We left first thing in the morning and immediately started ascending up to 14,931 meters (Kunzum Pass), which was the highest point we had been during our entire trip. We noticed it was cold and wet up there, but managed to take a few photos.

The roads throughout the trip were mostly dirt and unpaved, but today brought several more challenges. In the gallery below you will find photos of the roads immediately leaving Kunzum Pass.

Then we encountered our first problem. I noticed it first when I looked to the right and saw there was dirt falling off the side of the mountain, but it was a constant stream of dirt.
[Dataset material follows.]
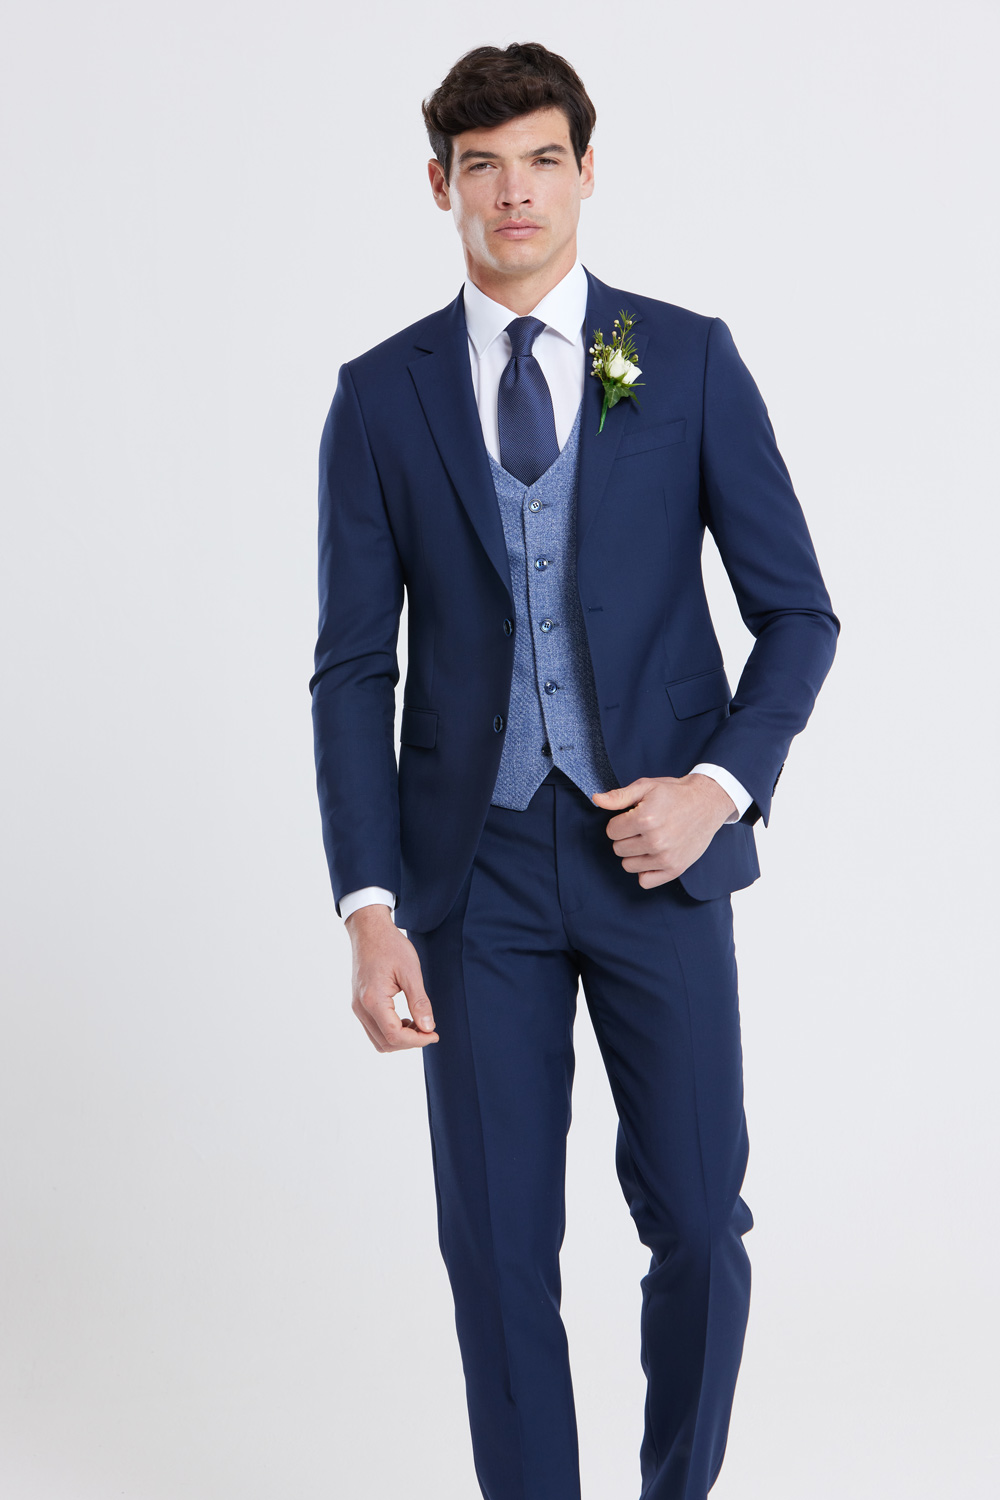 Simon Blue 3 Piece Wedding Suit - Tom Murphy's Formal and Menswear

As we advanced and slowed, I realized this was my first landslide! Fortunately no one was hurt, but we were sitting ducks. Mud continued to stream down the rock face onto the road, bringing large rocks with it. We sat for one hour, which turned into two hours, as we tried to come up with a way forward.

No one had cell service. Our team was split into two and we had no idea what was going to happen next. Were we going to turn back and camp in the biting cold? At this point, no one really had much to eat and it was now 2 p.m. and we had already been in the car for six hours.

Some of those ahead of us, including some motorcyclists, opted to go around the mudslides but it was not easy. We finally took this option and I have some pretty remarkable videos of this, compiled in the gallery below.

Afterward, we had a quick bite to eat in the rain and soldiered on. We only had 17 km to go, but we had no idea what was ahead.

Given the nonstop rain, we knew that we had challenges, but this one was even more interesting. We came to a point where we were next to a raging river and then we noticed the road itself had become a raging river. One of the vans got stuck, but our kitchen truck came to the rescue.

There were literally seven or eight people trying in vain to get the van unstuck (all of them braving the frigid ankle-deep water to do so) but the kitchen truck and a piece of rope got the job done.

The video in the gallery shows our vehicles truly doing some amazing “off roading” in order to get us safely to our next camp site, which we finally reached around 7 p.m. Granted we were back in pit toilets covered by the blue tents, but this was surely better than traversing rivers in our vehicles.